# [EXTRACTED MATERIAL]
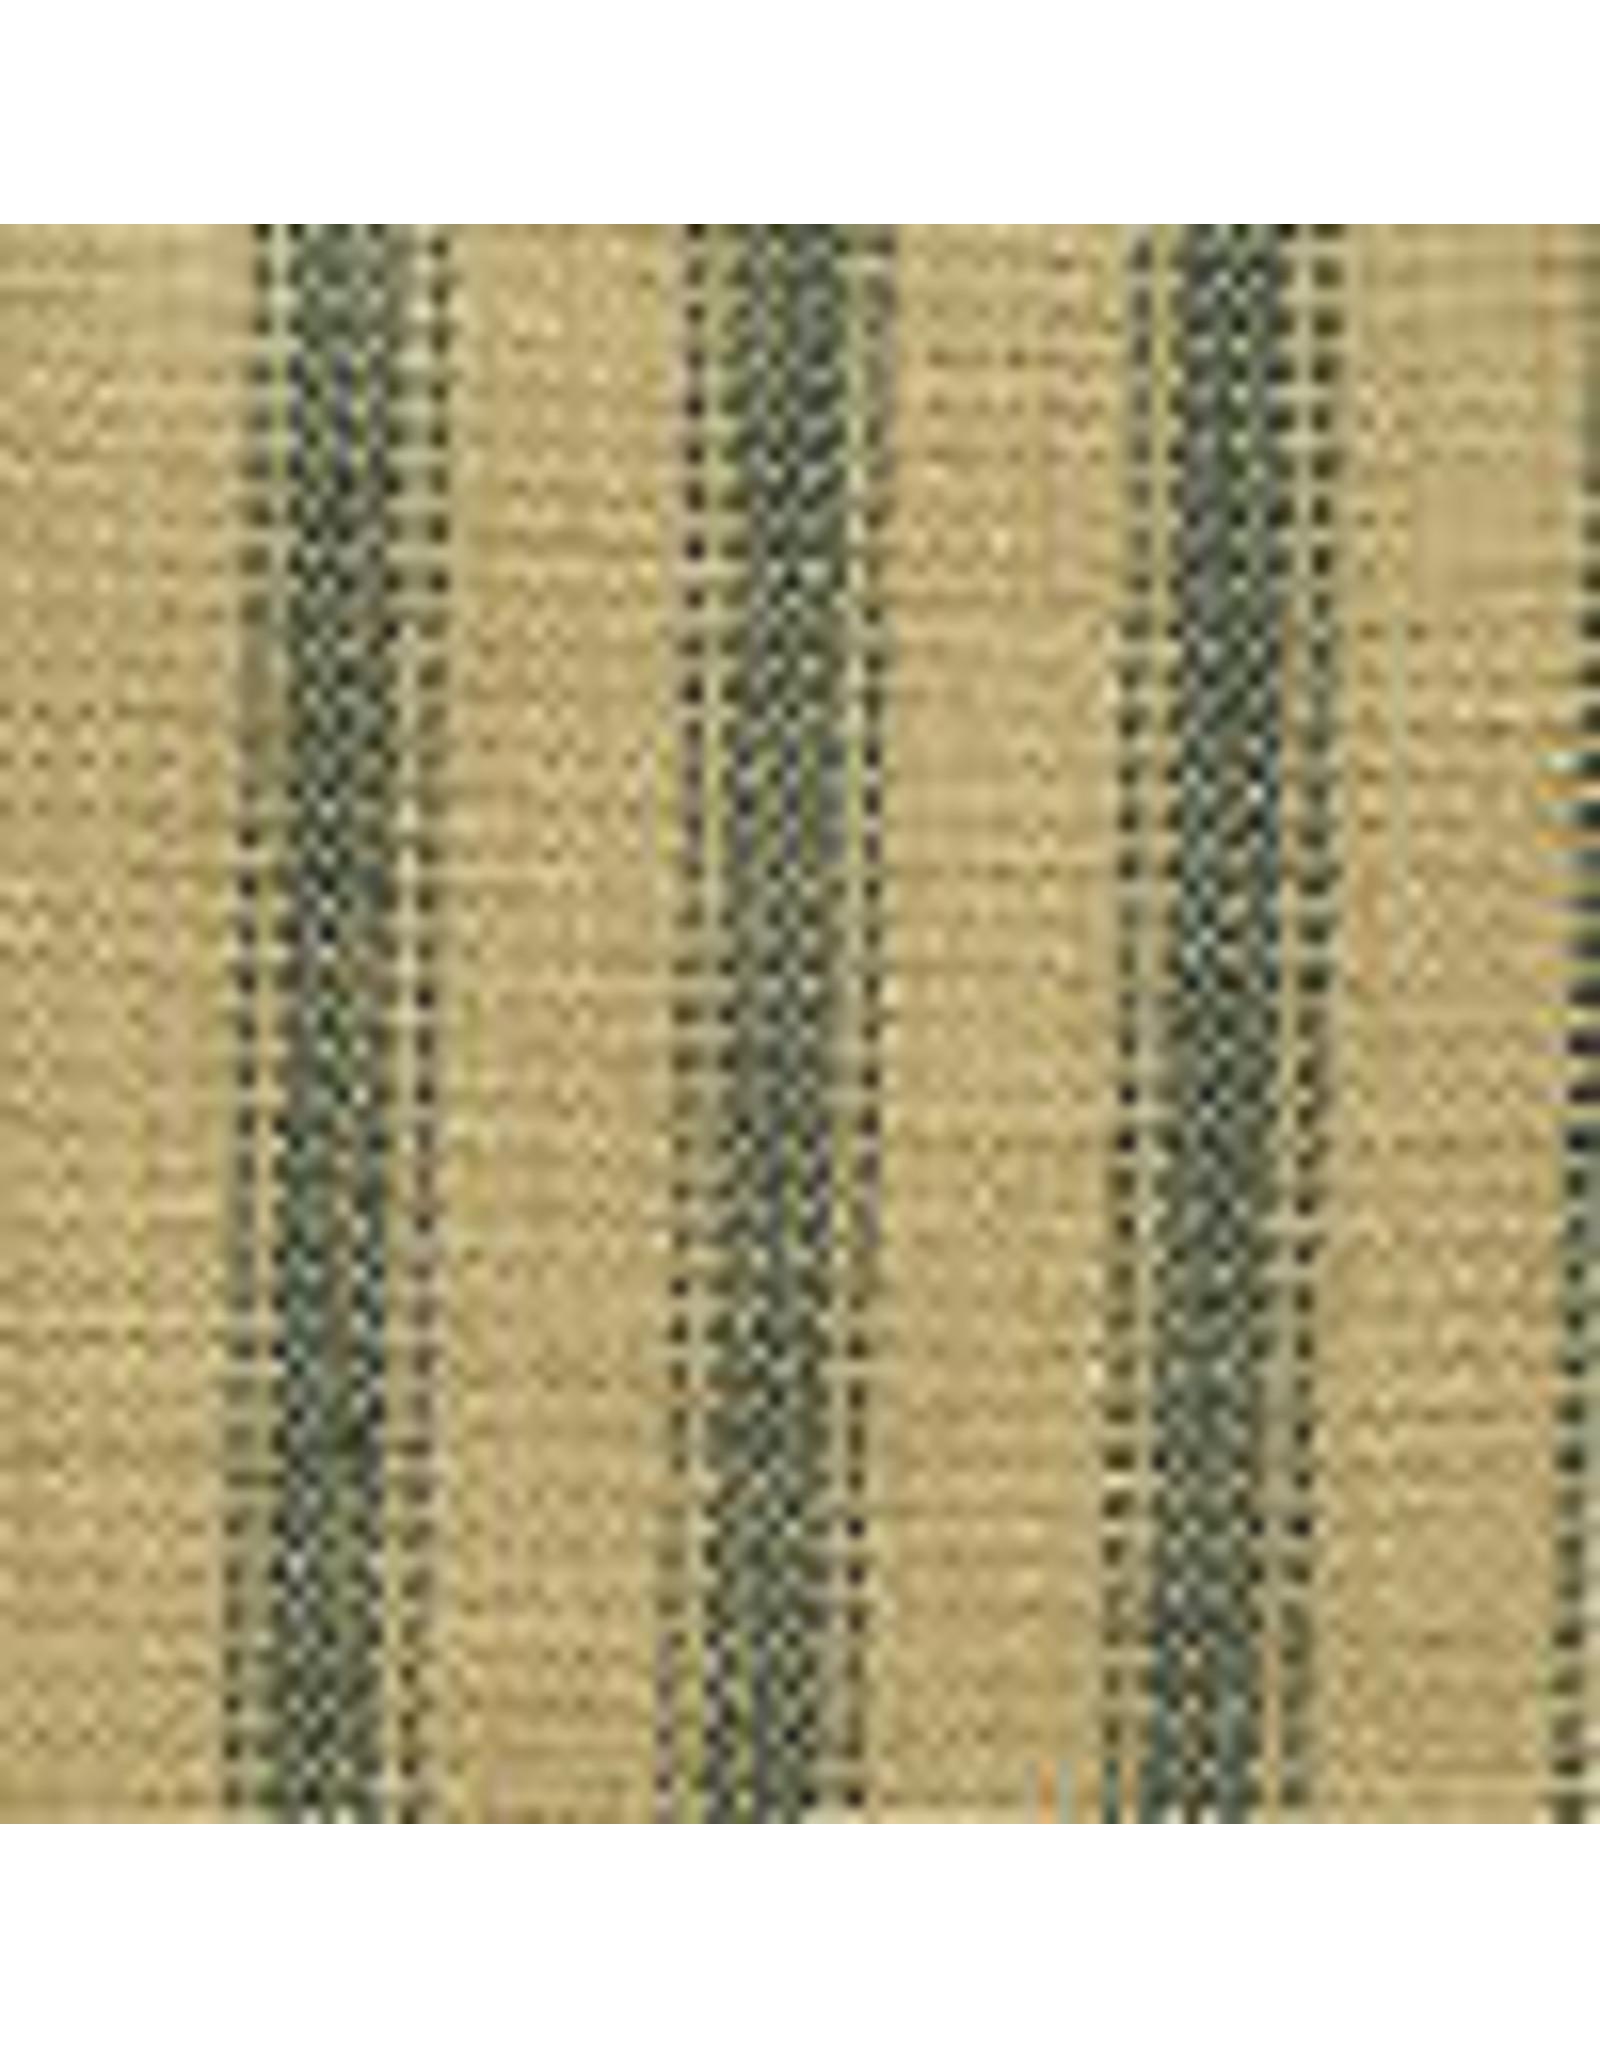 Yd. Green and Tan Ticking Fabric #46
...
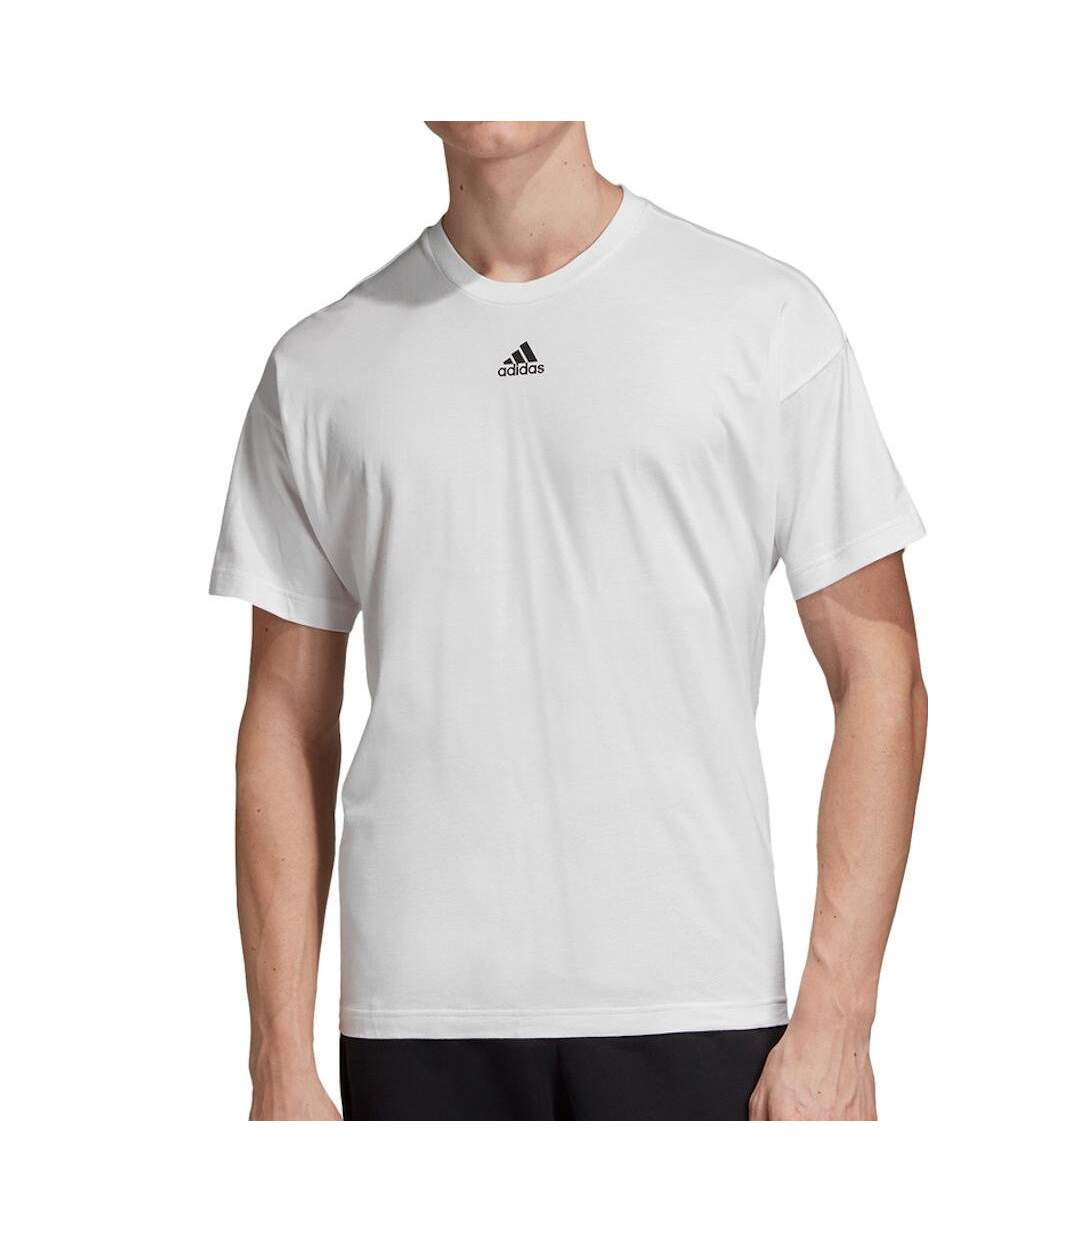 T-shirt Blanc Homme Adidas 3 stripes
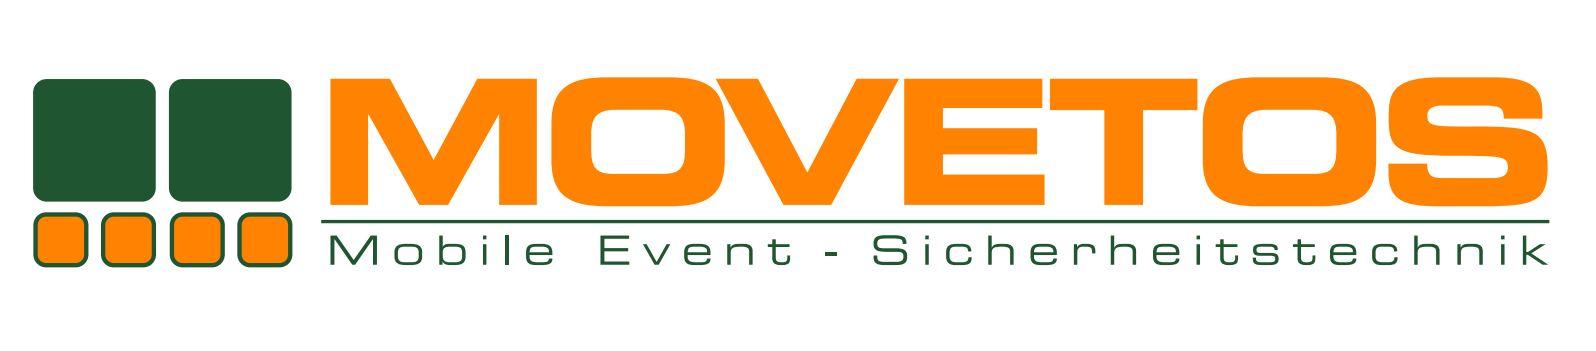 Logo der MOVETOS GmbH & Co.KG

# [EXERCISE REQUIREMENTS]
Could you output exactly the lines above, from the line with "T-shirt Blanc Homme Adidas 3 stripes" up to and including the line with "Logo der MOVETOS GmbH & Co.KG", and nothing else, skipping the pictures?

# [RESPONSE TO THE EXERCISE]
 T-shirt Blanc Homme Adidas 3 stripes
 Logo der MOVETOS GmbH & Co.KG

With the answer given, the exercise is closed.